TASK STATEMENT -> Please return every line of the material verbatim and skip any images.

++++ SUPPLIED INFORMATION ++++

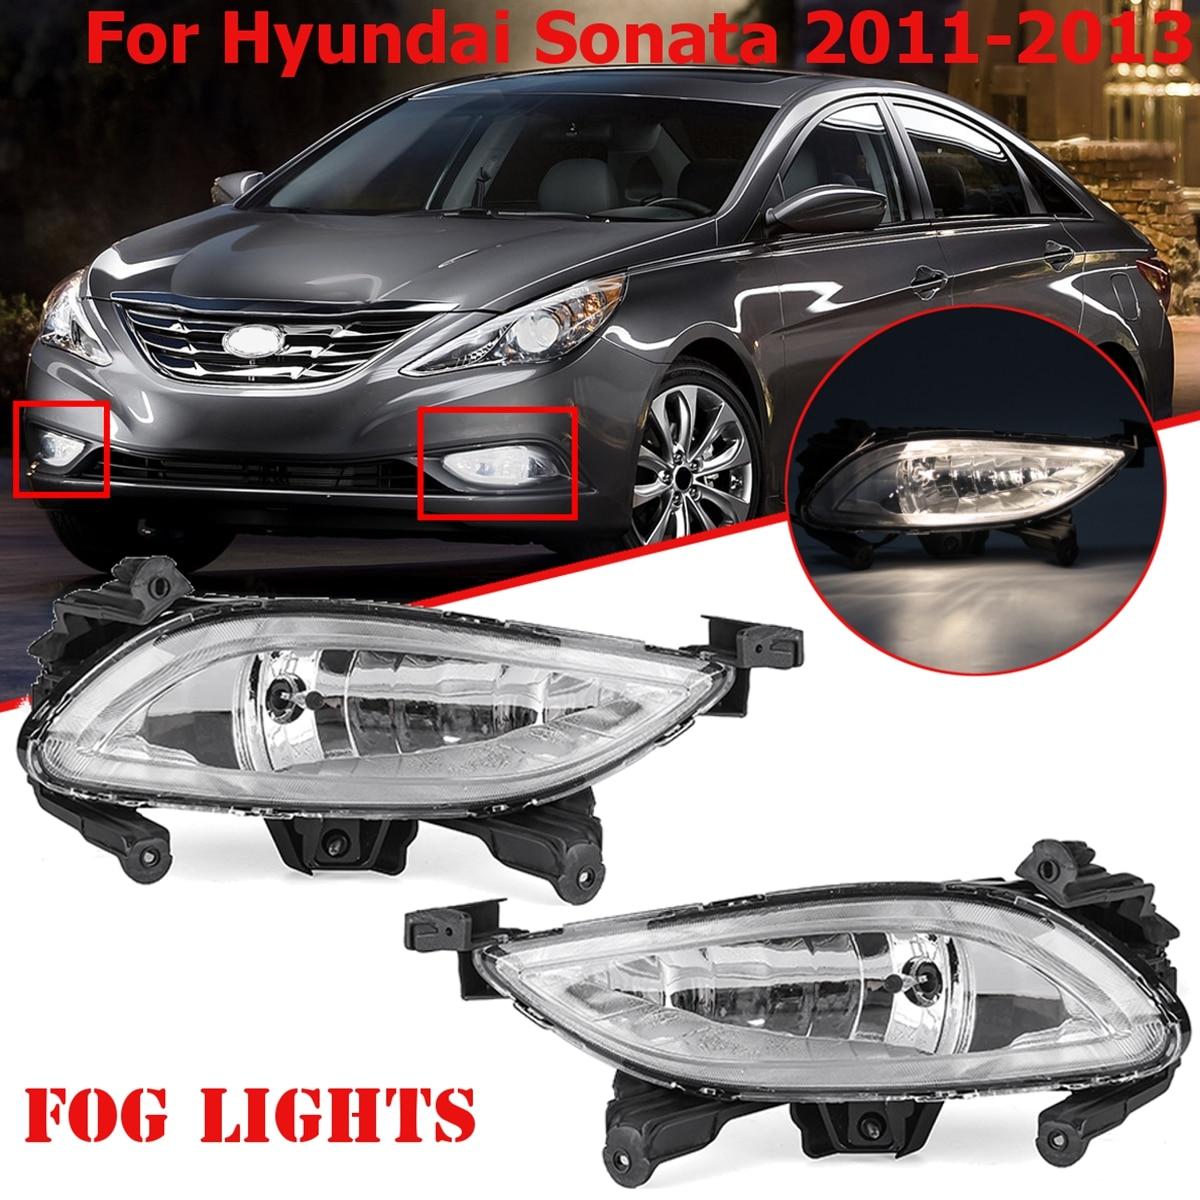 1 Pair Front Halogen Fog Lights Lamps Turn Signal Light Front Bumper Fog Light for Hyundai Sonata 2011 2012 2013 for lifan x60 turn signal light bar lights x60 suv front fog lamp
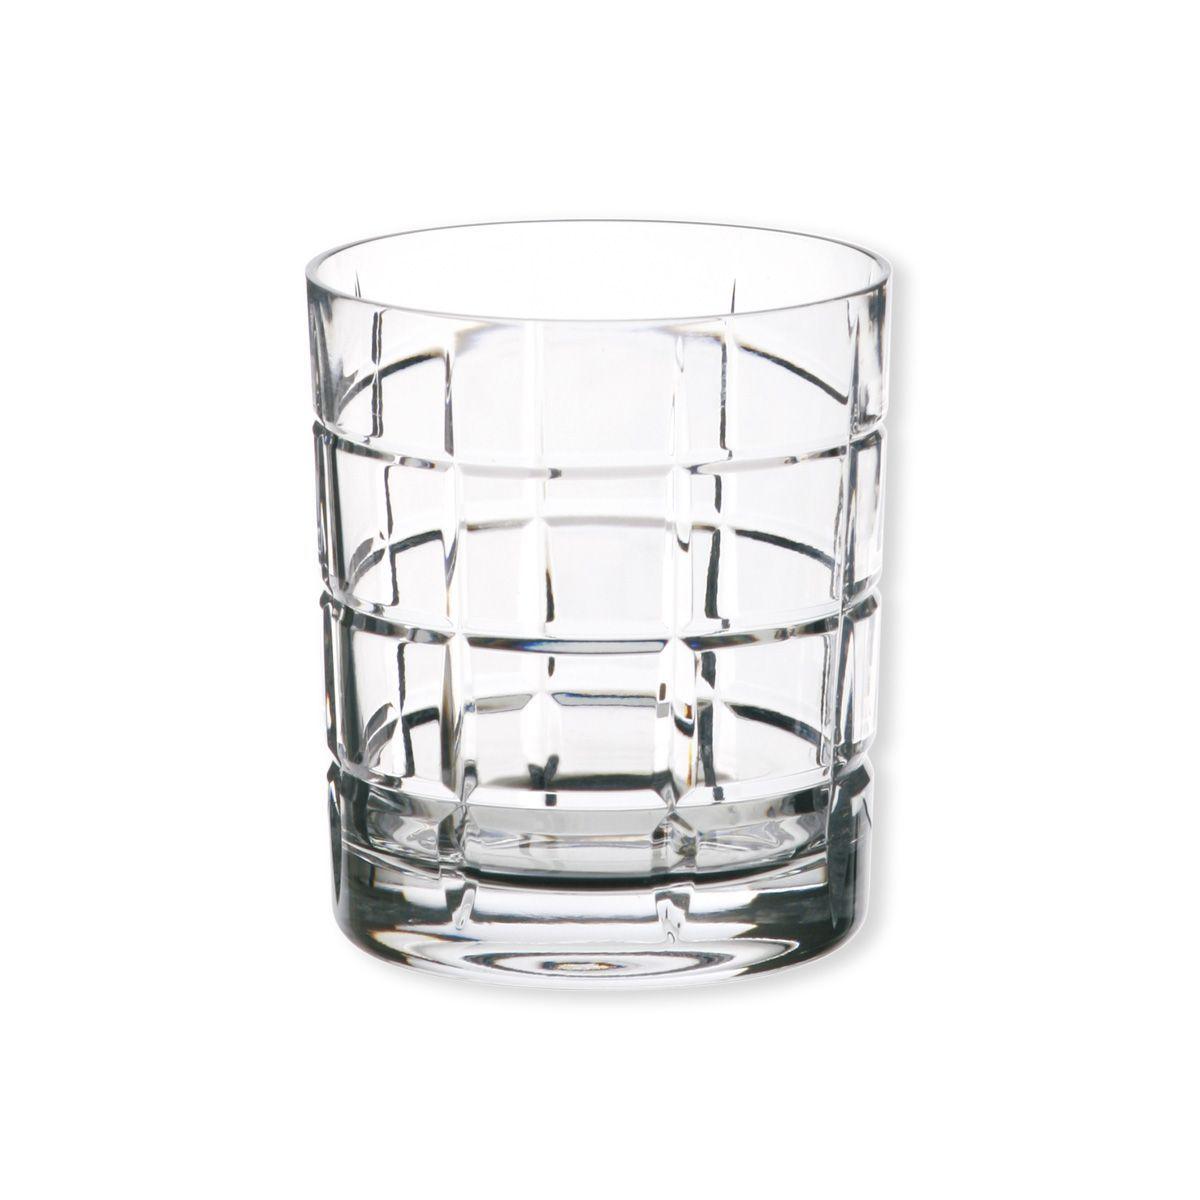 Gobelet whisky timesquare bruno evrard cr ation - Carafe whisky maison du monde ...
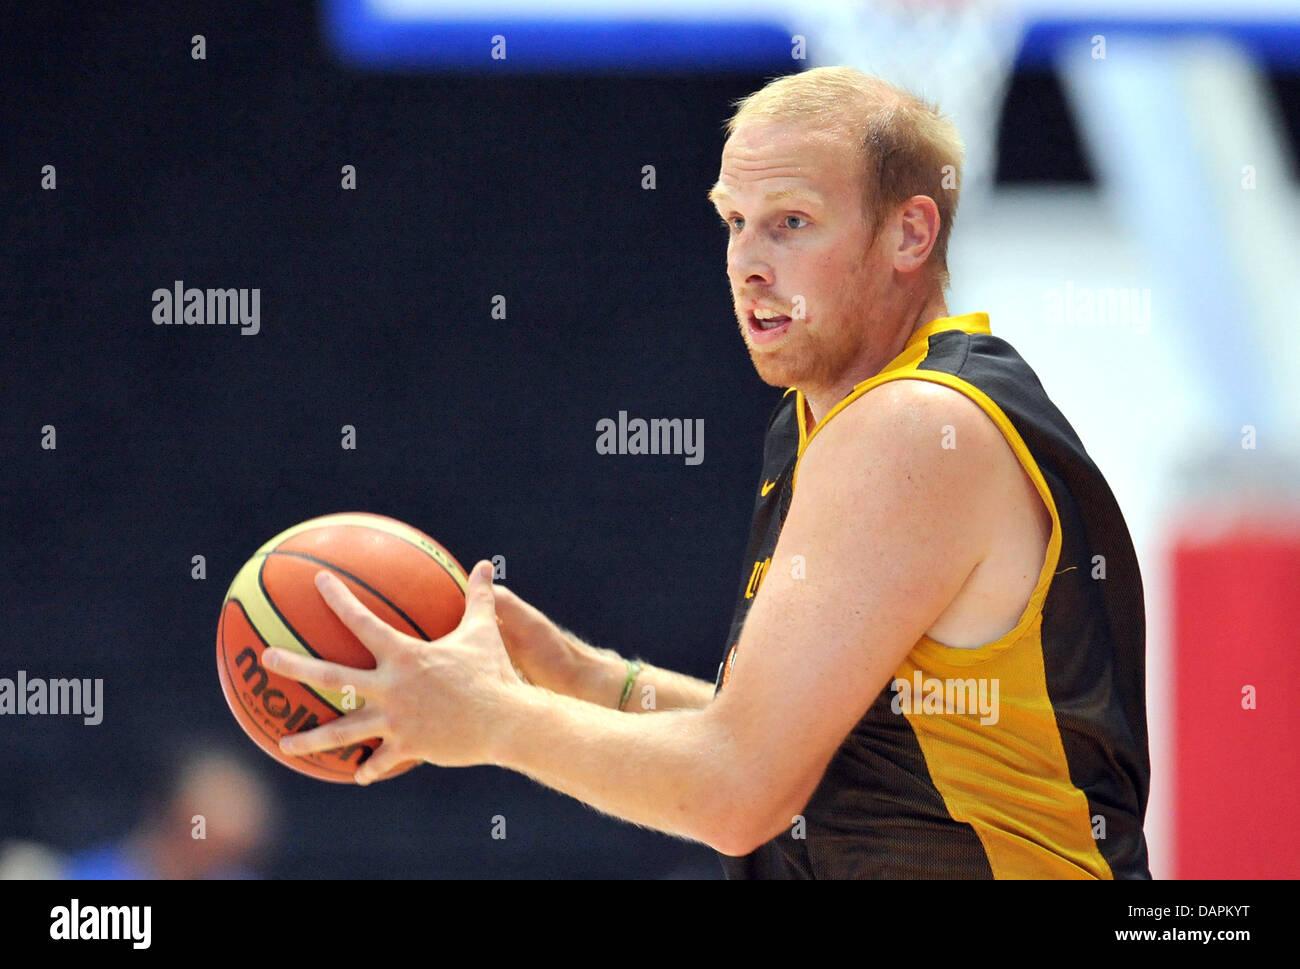 German basketball player Chris Kaman Hamann plays the ball during

++++

RESPONSE ->
 1 Pair Front Halogen Fog Lights Lamps Turn Signal Light Front Bumper Fog Light for Hyundai Sonata 2011 2012 2013 for lifan x60 turn signal light bar lights x60 suv front fog lamp
 Gobelet whisky timesquare bruno evrard cr ation - Carafe whisky maison du monde ...
 German basketball player Chris Kaman Hamann plays the ball during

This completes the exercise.